DATASET CONTENT.
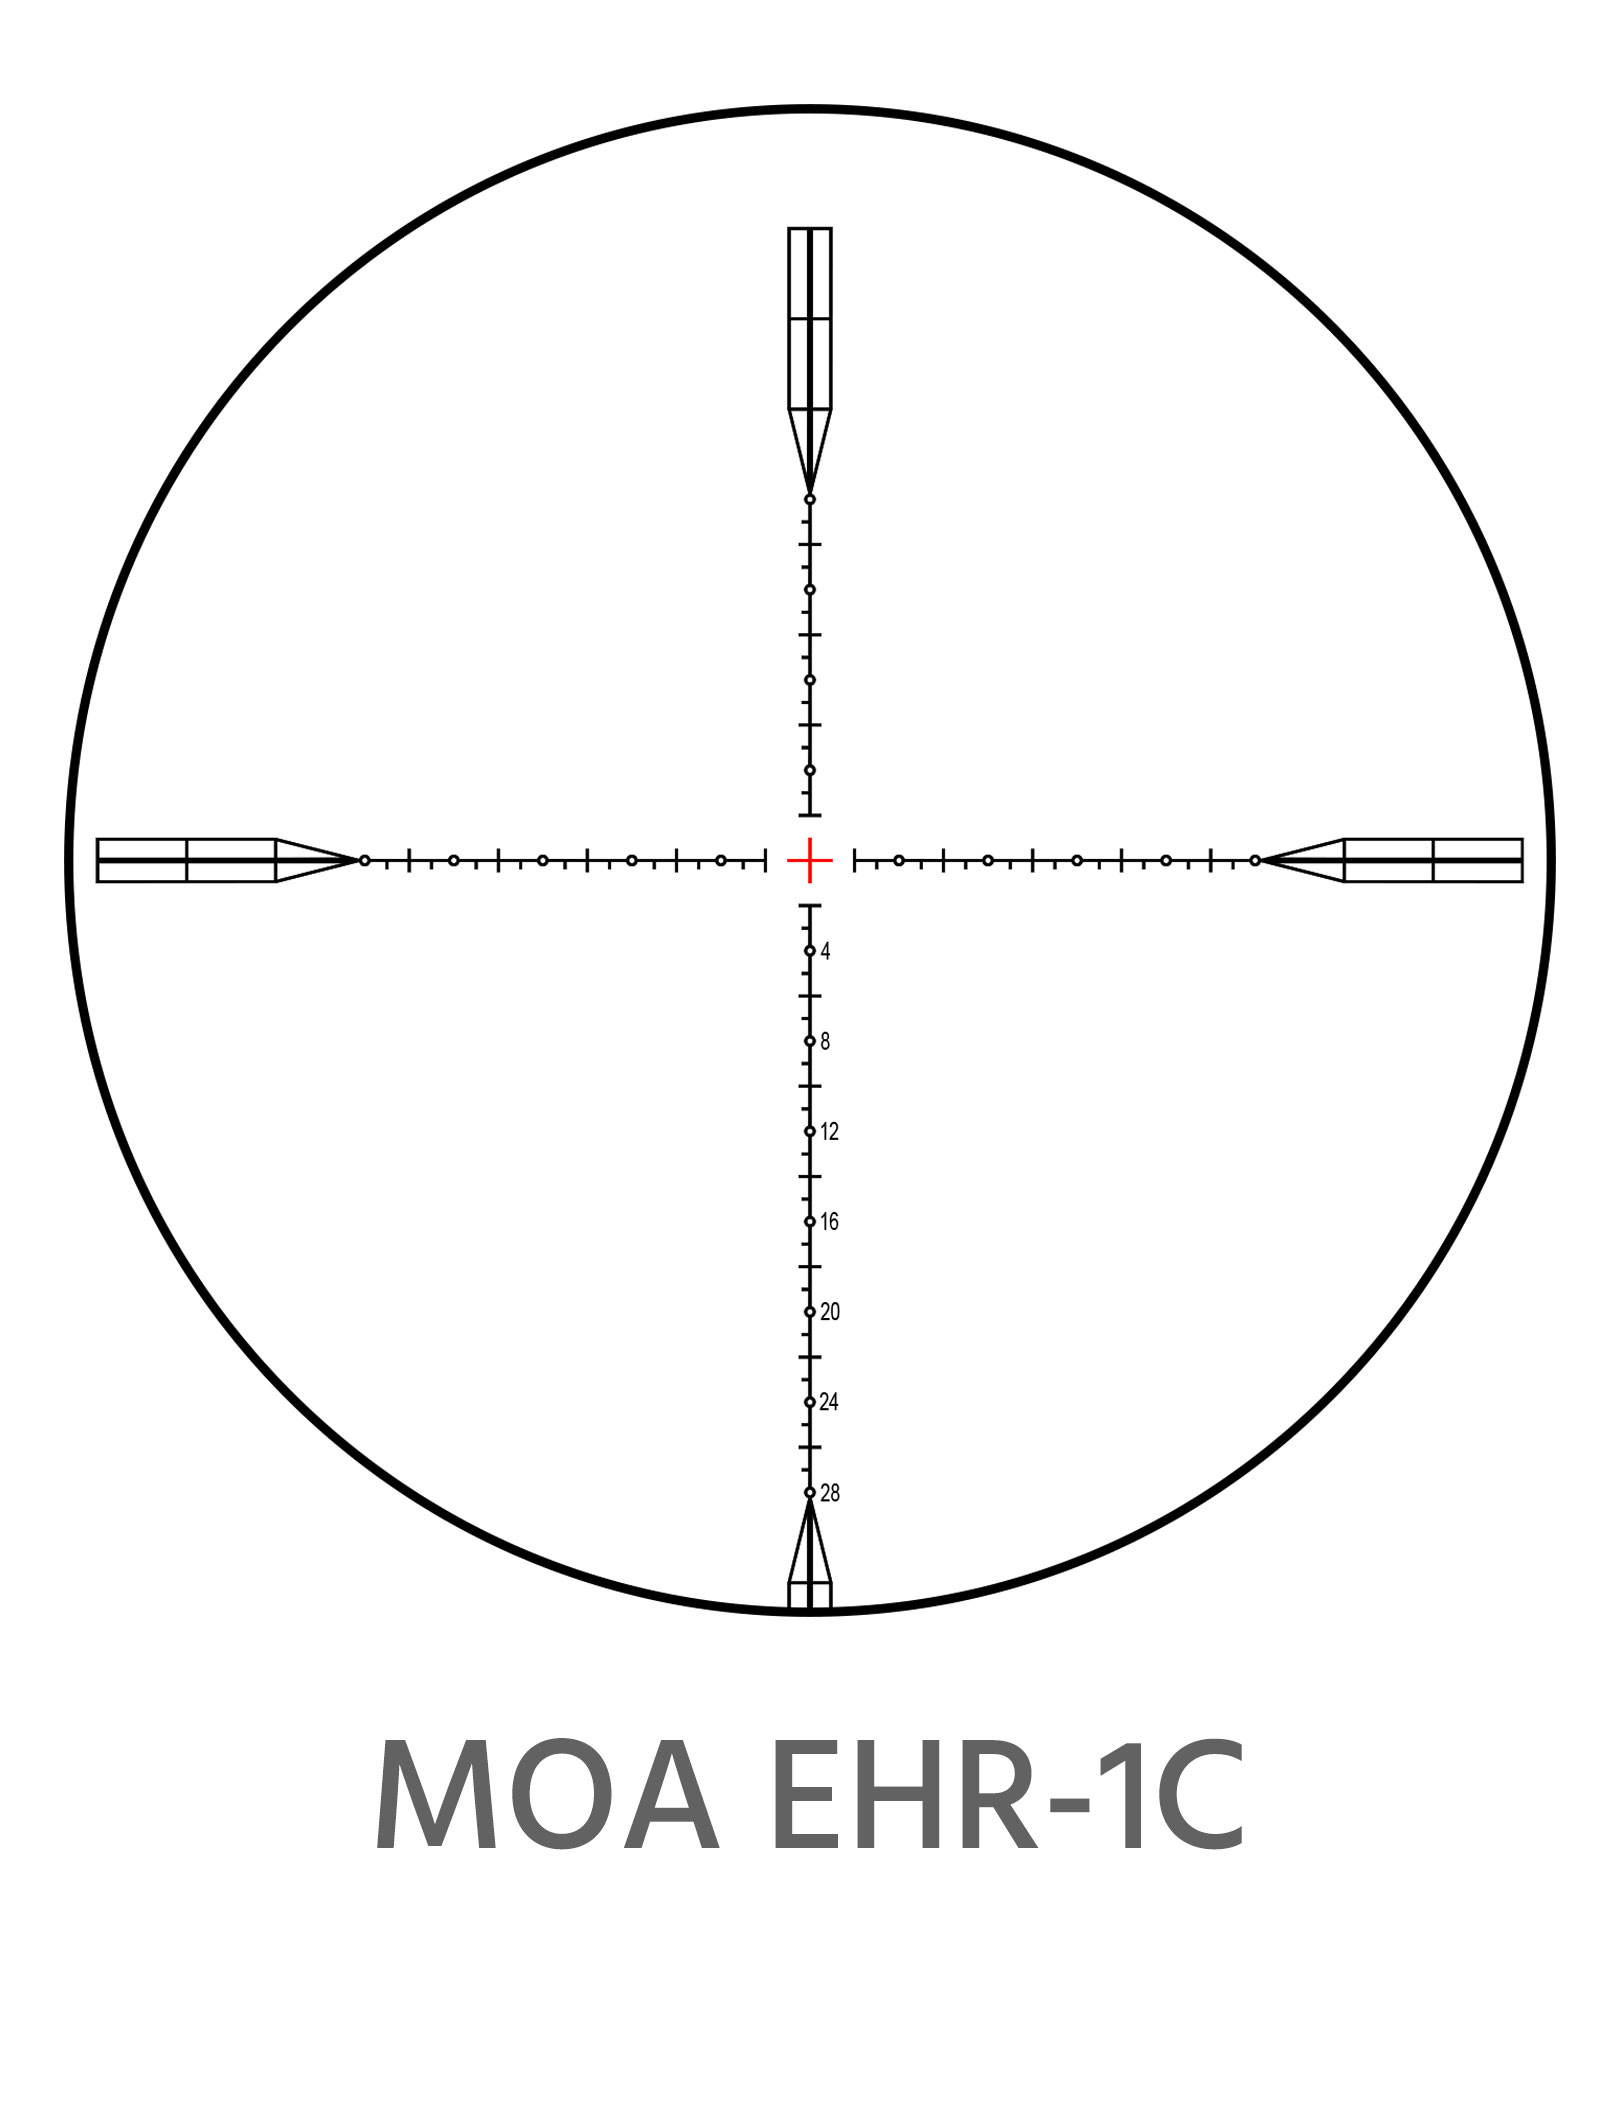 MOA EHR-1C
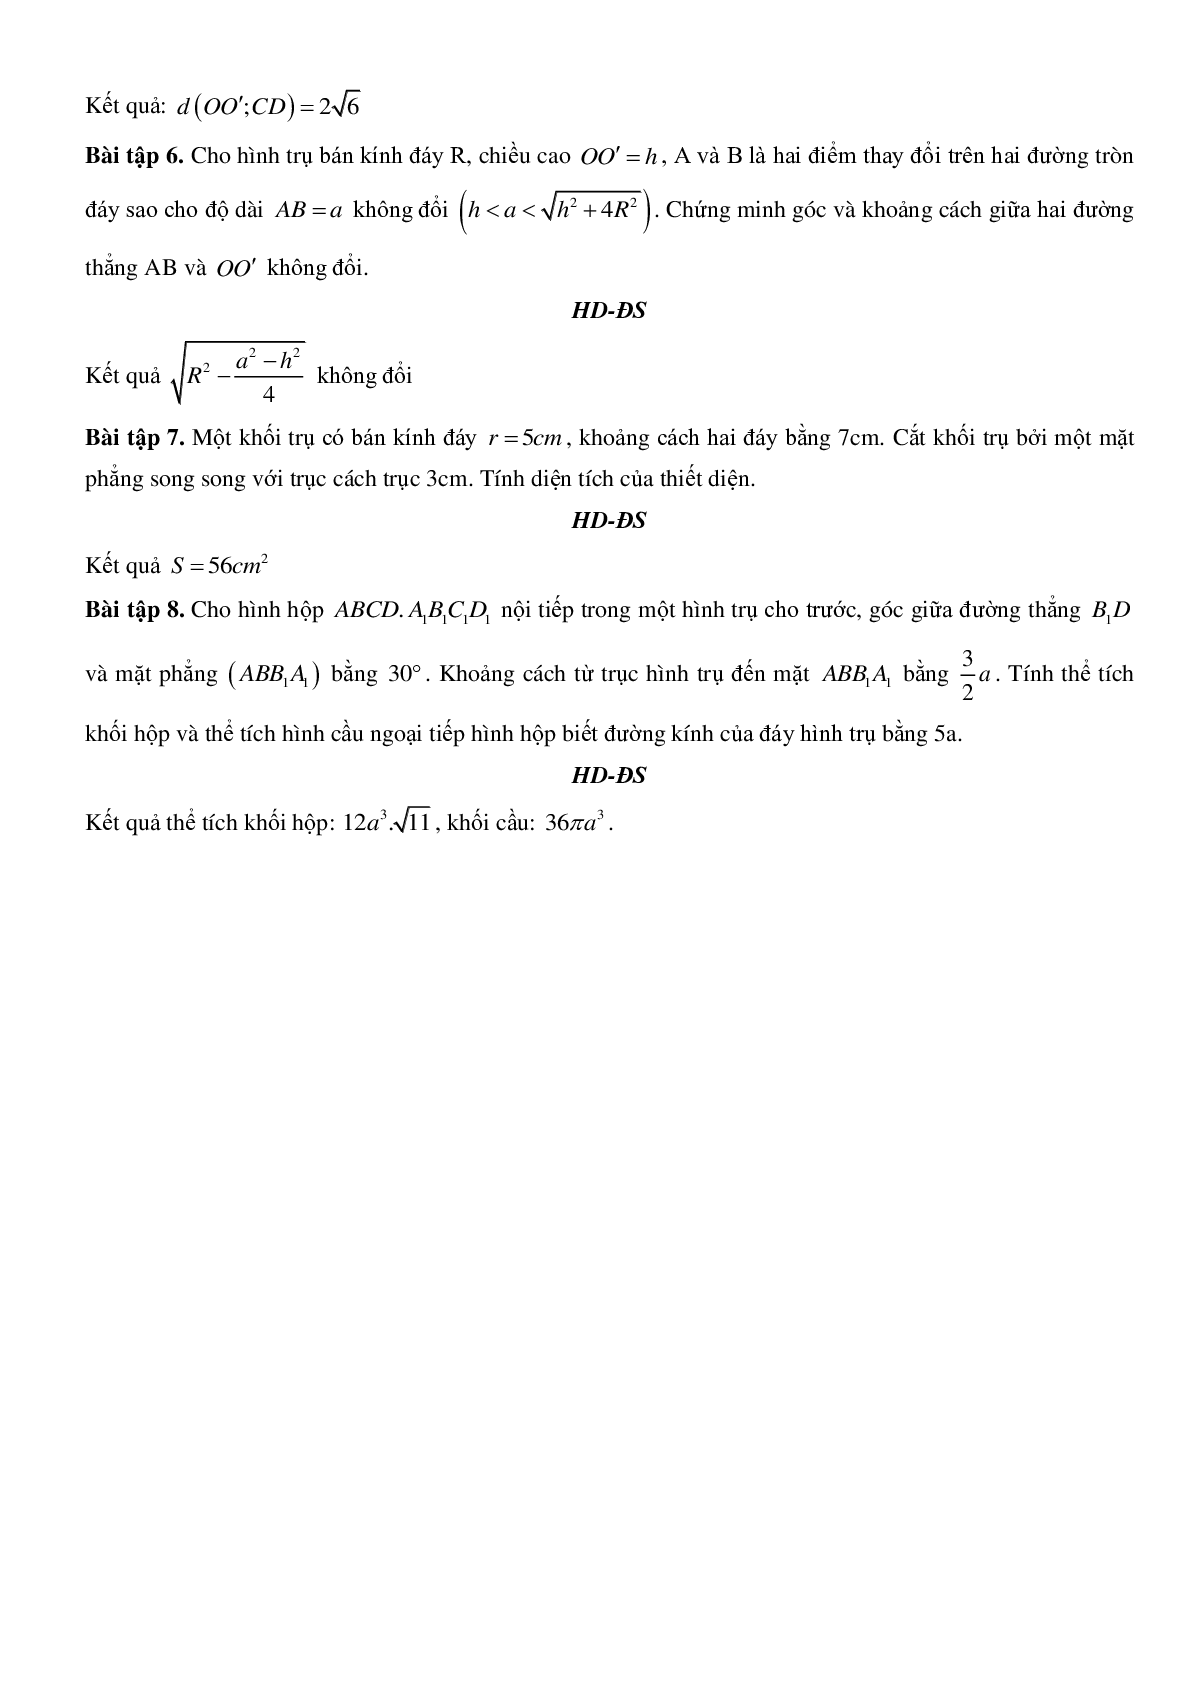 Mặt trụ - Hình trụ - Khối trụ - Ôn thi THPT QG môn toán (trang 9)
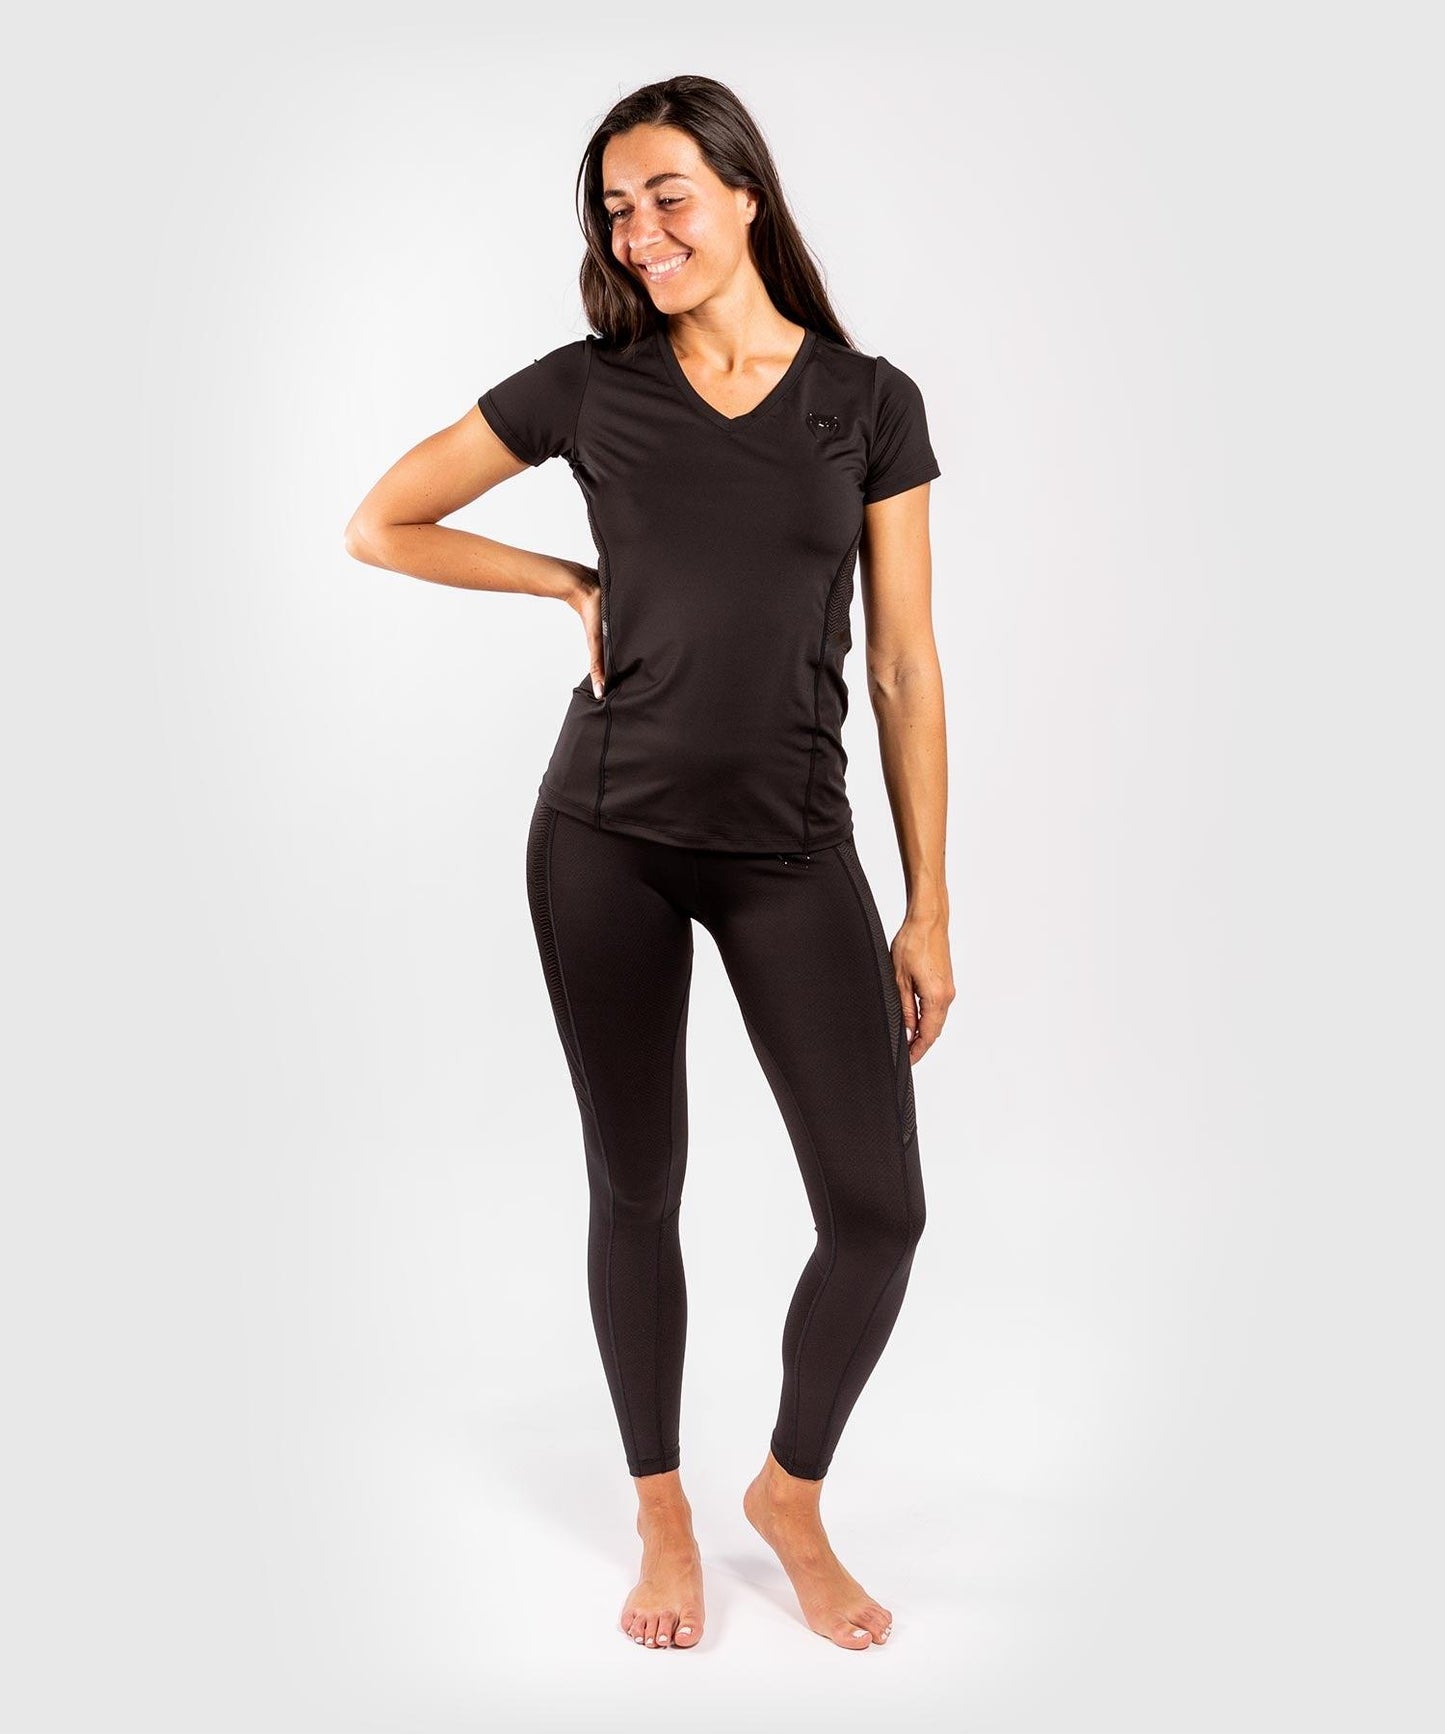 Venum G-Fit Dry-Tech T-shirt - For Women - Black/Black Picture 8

TASK GOAL. Would you output the full listing exactly as it stands, minus the images?

TASK SOLUTION.
 MOA EHR-1C
 Mặt trụ - Hình trụ - Khối trụ - Ôn thi THPT QG môn toán (trang 9)
 Venum G-Fit Dry-Tech T-shirt - For Women - Black/Black Picture 8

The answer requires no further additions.